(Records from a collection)
== Segment start ==

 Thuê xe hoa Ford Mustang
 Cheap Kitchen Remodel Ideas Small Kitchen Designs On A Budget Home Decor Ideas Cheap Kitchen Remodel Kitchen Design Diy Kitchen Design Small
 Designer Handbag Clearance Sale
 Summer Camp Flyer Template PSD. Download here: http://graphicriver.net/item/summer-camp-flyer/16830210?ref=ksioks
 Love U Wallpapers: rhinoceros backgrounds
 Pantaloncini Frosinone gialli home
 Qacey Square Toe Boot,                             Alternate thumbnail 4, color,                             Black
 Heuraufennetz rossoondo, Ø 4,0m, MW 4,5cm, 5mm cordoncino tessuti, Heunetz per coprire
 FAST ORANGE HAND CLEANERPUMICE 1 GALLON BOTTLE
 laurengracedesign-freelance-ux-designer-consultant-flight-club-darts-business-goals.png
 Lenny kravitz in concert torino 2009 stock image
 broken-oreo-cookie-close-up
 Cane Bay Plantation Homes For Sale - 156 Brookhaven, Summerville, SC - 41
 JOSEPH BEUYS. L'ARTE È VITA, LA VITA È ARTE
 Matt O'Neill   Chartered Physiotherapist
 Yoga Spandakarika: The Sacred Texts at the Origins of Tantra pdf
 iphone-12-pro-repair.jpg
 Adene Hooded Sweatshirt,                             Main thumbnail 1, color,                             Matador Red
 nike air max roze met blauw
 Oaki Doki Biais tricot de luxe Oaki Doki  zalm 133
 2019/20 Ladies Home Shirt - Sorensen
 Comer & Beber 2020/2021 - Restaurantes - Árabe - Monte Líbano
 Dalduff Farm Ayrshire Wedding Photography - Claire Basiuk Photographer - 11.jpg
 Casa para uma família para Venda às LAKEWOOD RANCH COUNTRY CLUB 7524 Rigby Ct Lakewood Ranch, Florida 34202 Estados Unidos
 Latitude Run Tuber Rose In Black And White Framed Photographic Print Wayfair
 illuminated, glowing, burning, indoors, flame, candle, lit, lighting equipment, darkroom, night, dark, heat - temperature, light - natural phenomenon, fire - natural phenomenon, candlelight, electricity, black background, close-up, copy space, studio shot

== Segment end ==

Print every record exactly, so that each word matches what is written above.

THE ANSWER
 Thuê xe hoa Ford Mustang
 Cheap Kitchen Remodel Ideas Small Kitchen Designs On A Budget Home Decor Ideas Cheap Kitchen Remodel Kitchen Design Diy Kitchen Design Small
 Designer Handbag Clearance Sale
 Summer Camp Flyer Template PSD. Download here: http://graphicriver.net/item/summer-camp-flyer/16830210?ref=ksioks
 Love U Wallpapers: rhinoceros backgrounds
 Pantaloncini Frosinone gialli home
 Qacey Square Toe Boot,                             Alternate thumbnail 4, color,                             Black
 Heuraufennetz rossoondo, Ø 4,0m, MW 4,5cm, 5mm cordoncino tessuti, Heunetz per coprire
 FAST ORANGE HAND CLEANERPUMICE 1 GALLON BOTTLE
 laurengracedesign-freelance-ux-designer-consultant-flight-club-darts-business-goals.png
 Lenny kravitz in concert torino 2009 stock image
 broken-oreo-cookie-close-up
 Cane Bay Plantation Homes For Sale - 156 Brookhaven, Summerville, SC - 41
 JOSEPH BEUYS. L'ARTE È VITA, LA VITA È ARTE
 Matt O'Neill   Chartered Physiotherapist
 Yoga Spandakarika: The Sacred Texts at the Origins of Tantra pdf
 iphone-12-pro-repair.jpg
 Adene Hooded Sweatshirt,                             Main thumbnail 1, color,                             Matador Red
 nike air max roze met blauw
 Oaki Doki Biais tricot de luxe Oaki Doki  zalm 133
 2019/20 Ladies Home Shirt - Sorensen
 Comer & Beber 2020/2021 - Restaurantes - Árabe - Monte Líbano
 Dalduff Farm Ayrshire Wedding Photography - Claire Basiuk Photographer - 11.jpg
 Casa para uma família para Venda às LAKEWOOD RANCH COUNTRY CLUB 7524 Rigby Ct Lakewood Ranch, Florida 34202 Estados Unidos
 Latitude Run Tuber Rose In Black And White Framed Photographic Print Wayfair
 illuminated, glowing, burning, indoors, flame, candle, lit, lighting equipment, darkroom, night, dark, heat - temperature, light - natural phenomenon, fire - natural phenomenon, candlelight, electricity, black background, close-up, copy space, studio shot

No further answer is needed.